Los videojuegos constituyen un tema aparte. Soy de la opinión de que hoy en día, para encontrar una historia de ciencia ficción decente fuera de los libros, hay que ponerse a los mandos. Cualquier película de la última década palidece ante sagas como Mass Effect, Metal Gear Solid o Dead Space. No obstante, el videojuego representa una forma de narración más interactiva, con cierta rigidez a la hora de crear escenarios y argumentos que tienden hacia los desarrollos no-lineales y con múltiples desenlaces. Podría no ser el vehículo ideal para la especulación científica, aunque sí para la adaptación de los géneros… Y claro, al final nada de eso importa si el jugador decide saltarse las cinemáticas y empezar a machacar botones.
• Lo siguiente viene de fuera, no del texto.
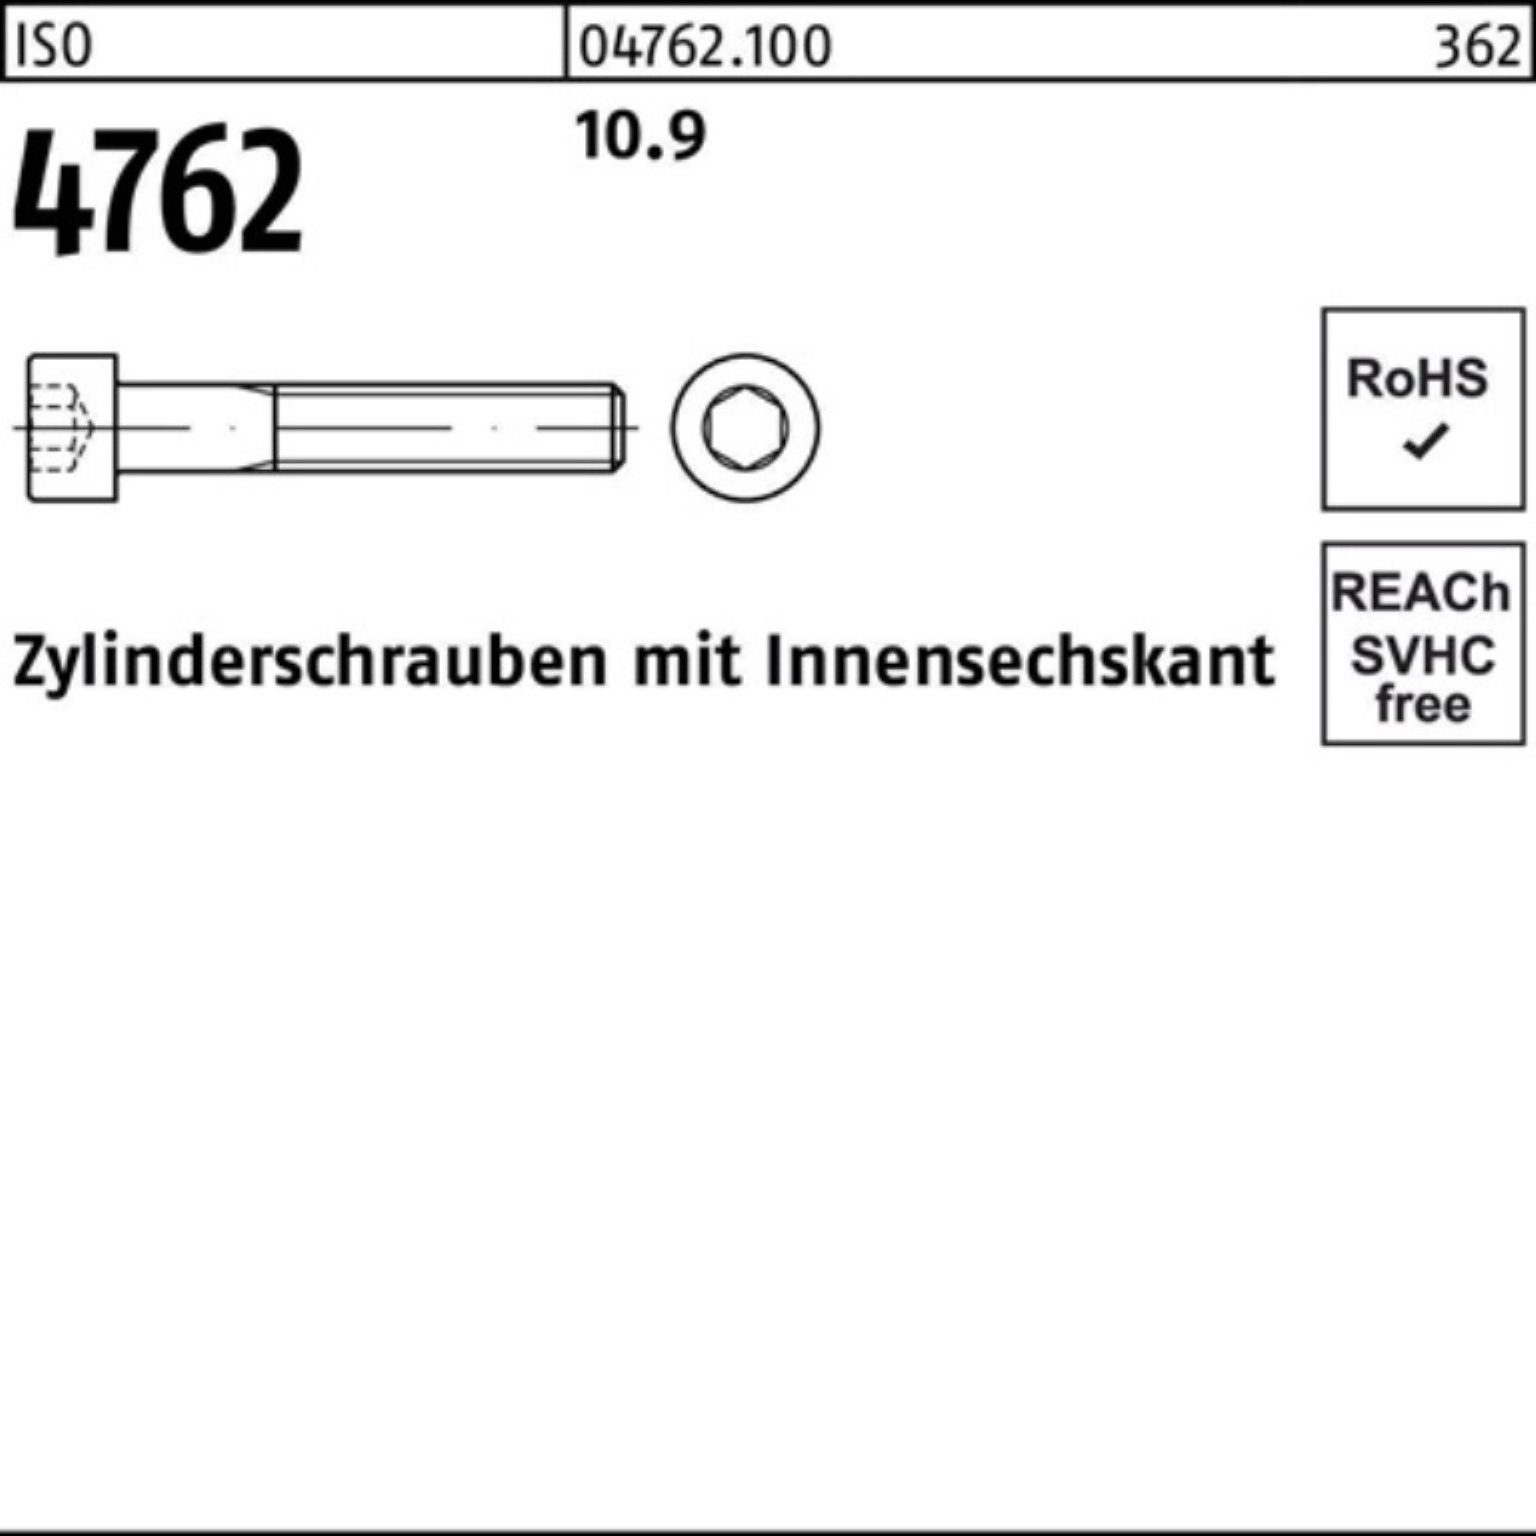 ISO Zylinderschraube Stück Zylinderschraube 100er 10.9 Reyher Innen-6kt 4762 1 M36x 100 Pack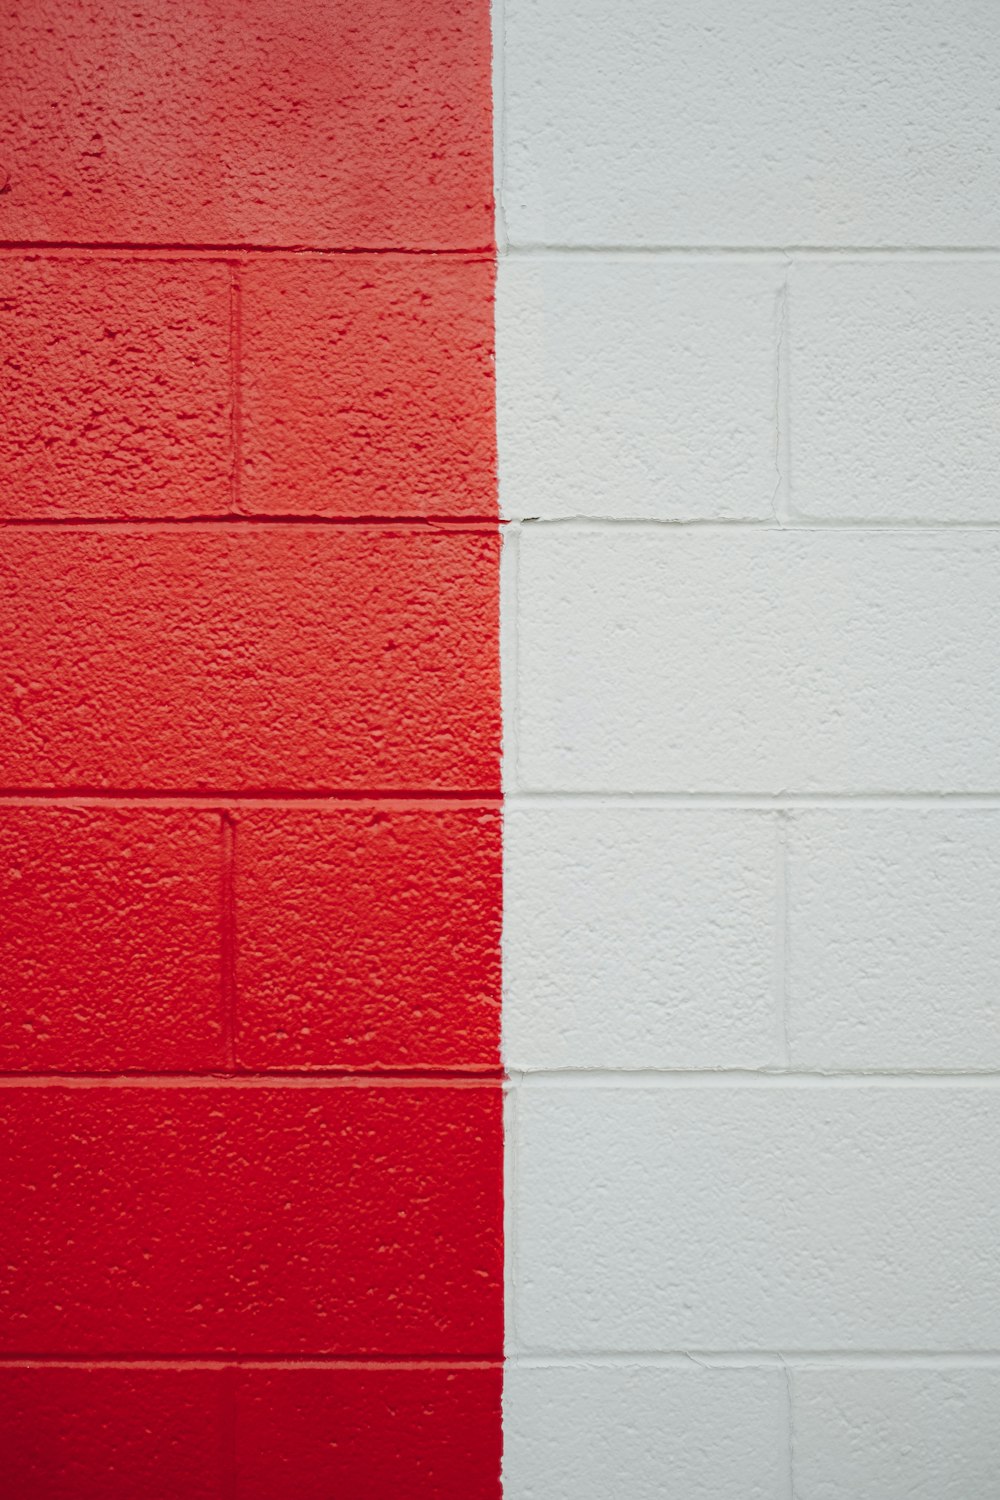 uma parede vermelha e branca com uma faixa vermelha e branca

No cabe duda. Desde que las historias se contaban a la luz de una hoguera y los oyentes se inclinaban para ver los gestos del narrador, ha llovido bastante. La palabra escrita fue un avance, un instrumento que se perfeccionó con los siglos, sobrevivió a la radio y la televisión, se adaptó a las redes. Sobrevive aún. Hasta cuándo, nadie sabe. No es solo un síntoma de la ciencia ficción, en general se lee muy poca literatura. Nuevas formas de contar, de eso se trata. La historia llega ahora a nuestros ojos (en 3D incluso) y a nuestros oídos sin necesidad de imaginar sensaciones, ni de usar ese molesto intermediario llamado cerebro. Cada vez optamos por medios de entretenimiento más pasivos.

libros-cf
Mientras tanto, en el Reino de las Polillas…

La ciencia ficción, por si fuera poco, está en peligro de quedar obsoleta. Eso si hacemos caso de lo que dicen algunos entendidos. Parafraseando a Arthur C. Clarke, el punto en que la tecnología se tornará “indistinguible de la magia” podría estar al doblar de la esquina. El futuro no es lo que solía ser y, para colmo, se mueve a gran velocidad. Nos alcanza en los titulares de las noticias y en los productos que inundan el mercado dejando obsoleta la tecnología que teníamos, justo cuando comenzábamos a acostumbrarnos a ella.

Aun así, no creo que sea la muerte de la ciencia ficción, solo nuestra innata necesidad de colocar señales de Non plus ultra cada vez que nos acercamos a lo desconocido. A medida que desvelamos algunos de los secretos sobre el funcionamiento del universo, más vasto se presenta ante nosotros. Además, la aplicación de los nuevos conocimientos requiere más que nunca de la literatura para cuestionar los caminos que toman la tecnología y la sociedad ahora que las leyes del mercado parecen imponerse a la ética y el sentido común.

Especular sobre la tecnología del futuro se torna arriesgado. Al lector promedio no le interesan las teorías y quizás esté más preocupado por enterarse de las funcionalidades que trae el último iPhone. Por otro lado, el lector exigente cuenta con mucha más información científica y ha leído tanta CF que ya casi nada puede sorprenderlo. El sense of wonder que impulsó el género en los años 50 del siglo pasado se comienza a echar de menos, avanza a duras penas entre tanta visión pesimista del futuro. La experiencia ha provocado un escepticismo total en los sucesivos autores, que no es precisamente algo malo, pero tanta distopía suele alejar a los lectores.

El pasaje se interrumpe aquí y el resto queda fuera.